La parte sottovalutata più spesso è il monitoraggio. Un progetto a consuntivo senza strumentazione adeguata rischia la contestazione in rendicontazione. Recuperare dati non misurati è impossibile. Su impianti con accumulo e gestione dei carichi il monitoraggio esiste già, come descritto nella guida su peak shaving ed EMS.

Cosa cambia per un'impresa di installazione

Per un installatore il valore dei certificati bianchi raramente sta nella gestione diretta della pratica. Sta nel presentarsi al cliente industriale con un conto completo. Risparmio energetico, beneficio fiscale e valore dei titoli devono comparire nello stesso foglio.

Il mercato dei TEE è prevedibile, ancorato a un contributo tariffario intorno ai 250 euro per titolo, con una domanda in raddoppio al 2030. Sono condizioni che permettono proiezioni credibili anche a cinque anni. Chi struttura preventivi e analisi di ritorno con uno strumento unico, come il software Reonic, inserisce questa voce senza rifare il modello a ogni offerta.

Domande frequenti

Quanto vale oggi un certificato bianco?

La quotazione aggiornata al 26 maggio 2026 è di 250,06 euro per titolo, dopo un prezzo medio ponderato di 248,95 euro registrato sul mercato GME a novembre 2025. Il valore resta ancorato al contributo tariffario definito da ARERA, che funziona come un tetto e riduce la volatilità rispetto ad altri mercati ambientali.

Un installatore può richiedere direttamente i certificati bianchi?

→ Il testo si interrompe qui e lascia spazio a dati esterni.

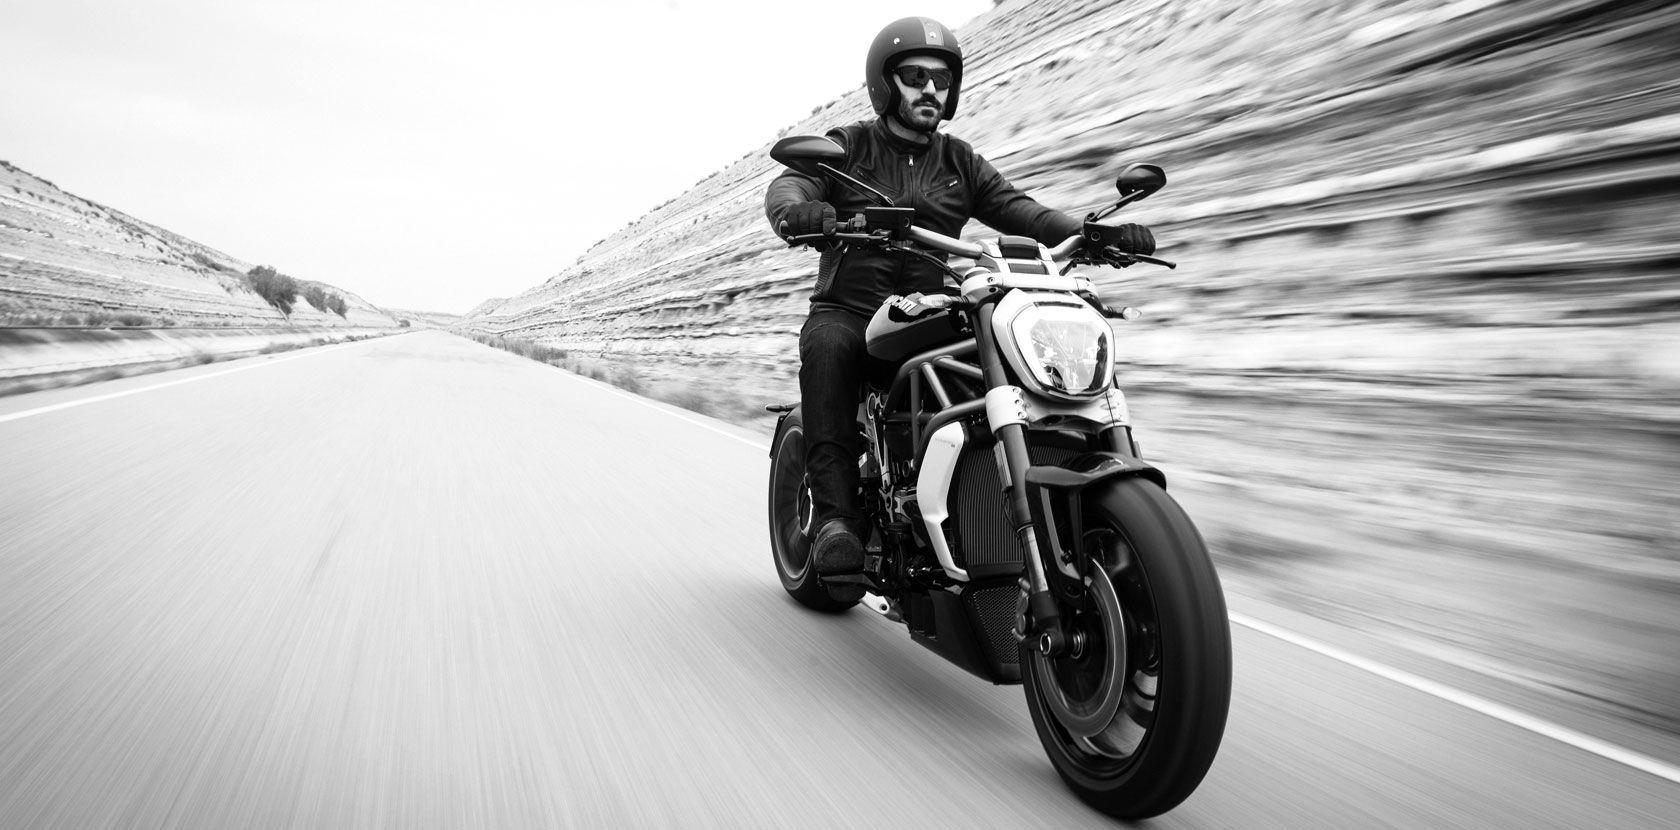 2016 Ducati XDiavel S | XDiavel - Rolling Shot

Solo se possiede le certificazioni richieste per tutta la vita utile del progetto. Sono tipicamente la qualifica ESCo UNI CEI 11352, un esperto in gestione dell'energia UNI CEI 11339 o un sistema ISO 50001. In alternativa può collaborare con una ESCo che presenta il progetto, oppure partecipare a un progetto aggregato multi-soggetto.

Che differenza c'è tra un TEE e un TEP?

Il TEP è l'unità fisica, la tonnellata equivalente di petrolio, che misura il risparmio di energia primaria. Il TEE è il titolo amministrativo che il GSE emette a fronte di quel risparmio. La proporzione è di un certificato per ogni TEP risparmiata e riconosciuta a valle della rendicontazione.

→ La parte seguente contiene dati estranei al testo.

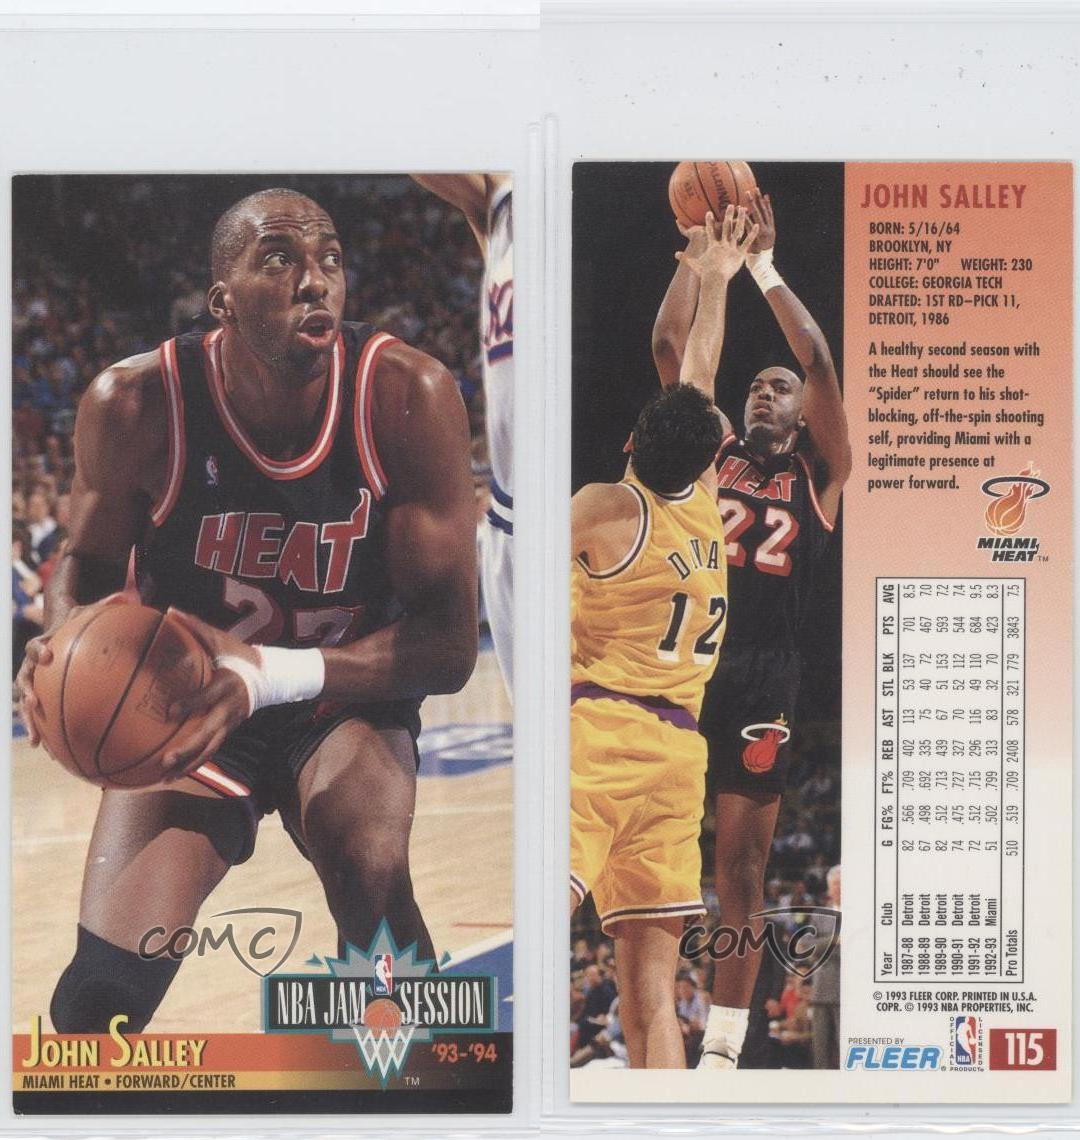 1993-94 NBA Jam Session #115 John Salley Miami Heat

I certificati bianchi si possono cumulare con altri incentivi?

Il cumulo è possibile solo entro i limiti fissati dalla normativa vigente e va sempre verificato sulla Guida operativa applicabile. Il vincolo determinante è il limite di sovracompensazione, che confronta il valore economico dei titoli riconosciuti con i costi di realizzazione: se superato, la rendicontazione non può essere presentata.

Cosa sono i certificati bianchi virtuali introdotti dal decreto?

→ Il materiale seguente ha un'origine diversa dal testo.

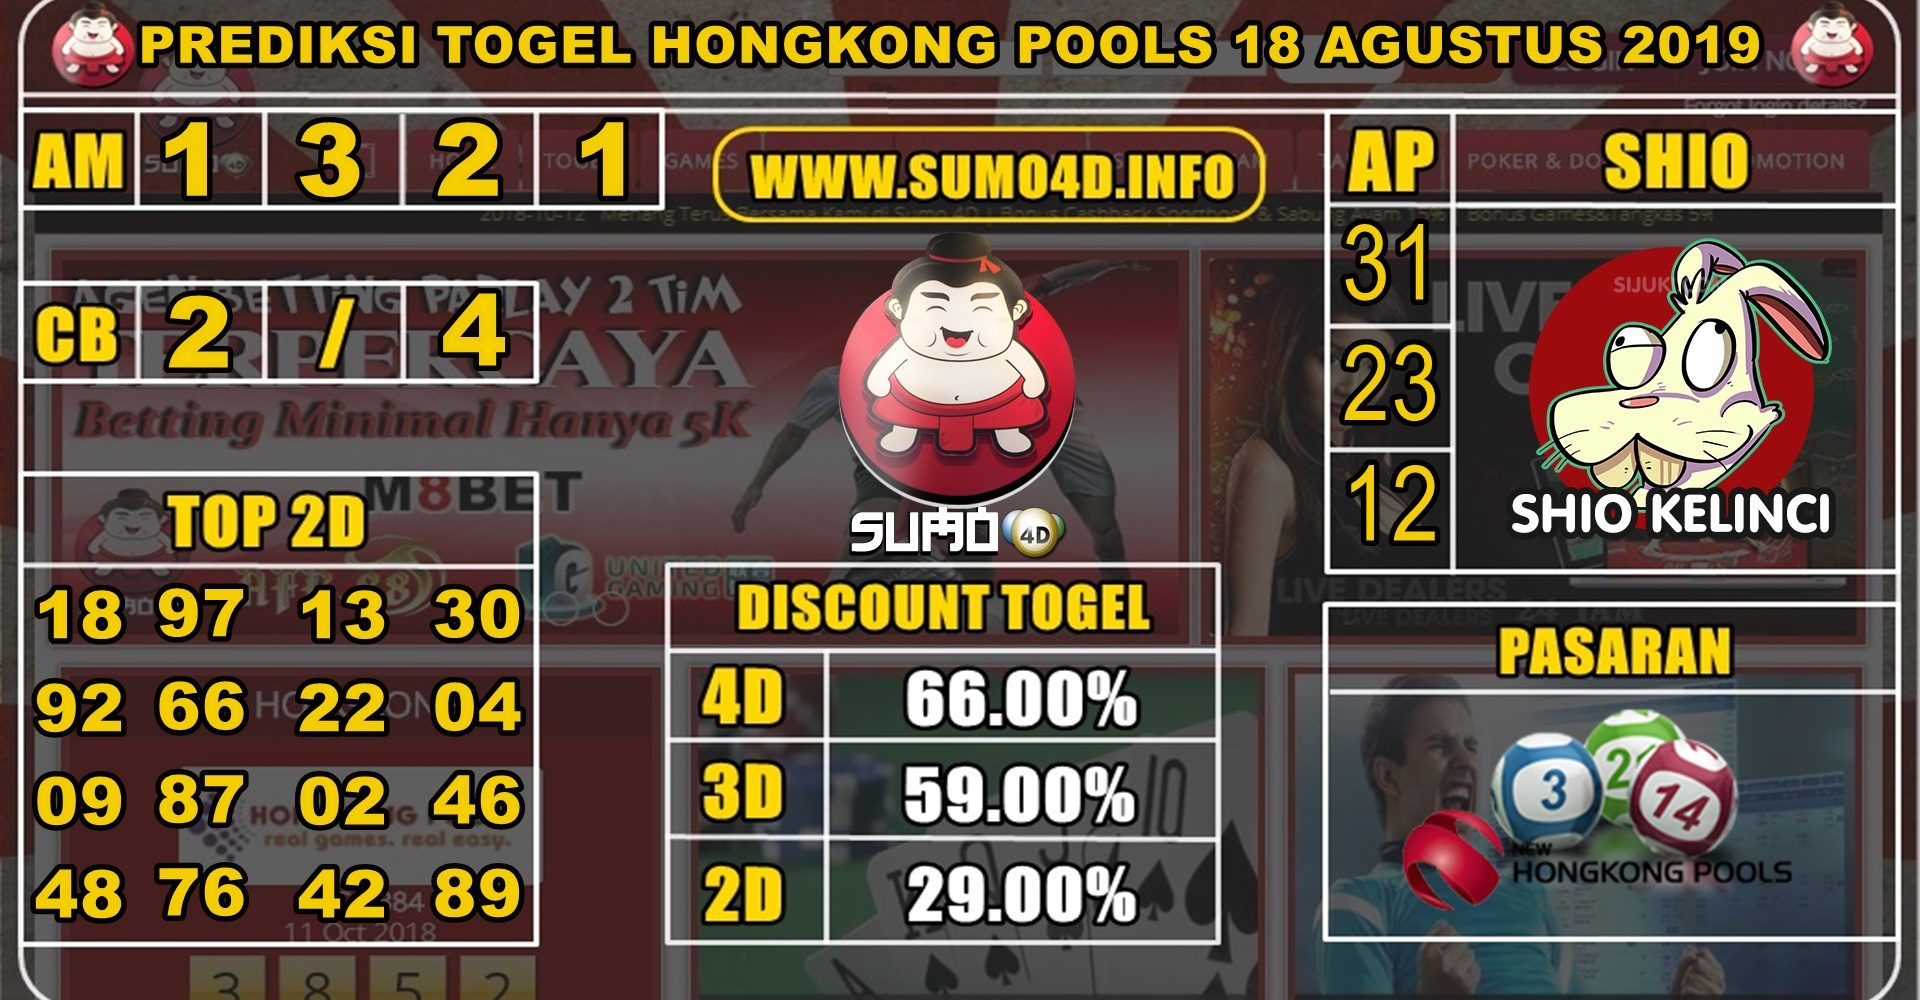 PREDIKSI TOGEL HONGKONG POOLS 18 AGUSTUS 2019

Sono titoli non derivanti da progetti reali di efficienza, emessi su richiesta dei soggetti obbligati al prezzo unitario di 10 euro. Coprono una quota crescente dell'obbligo annuale, dal 40% per il 2025 fino all'80% per l'anno d'obbligo 2029. Servono a contenere il prezzo di mercato quando l'offerta di progetti è insufficiente.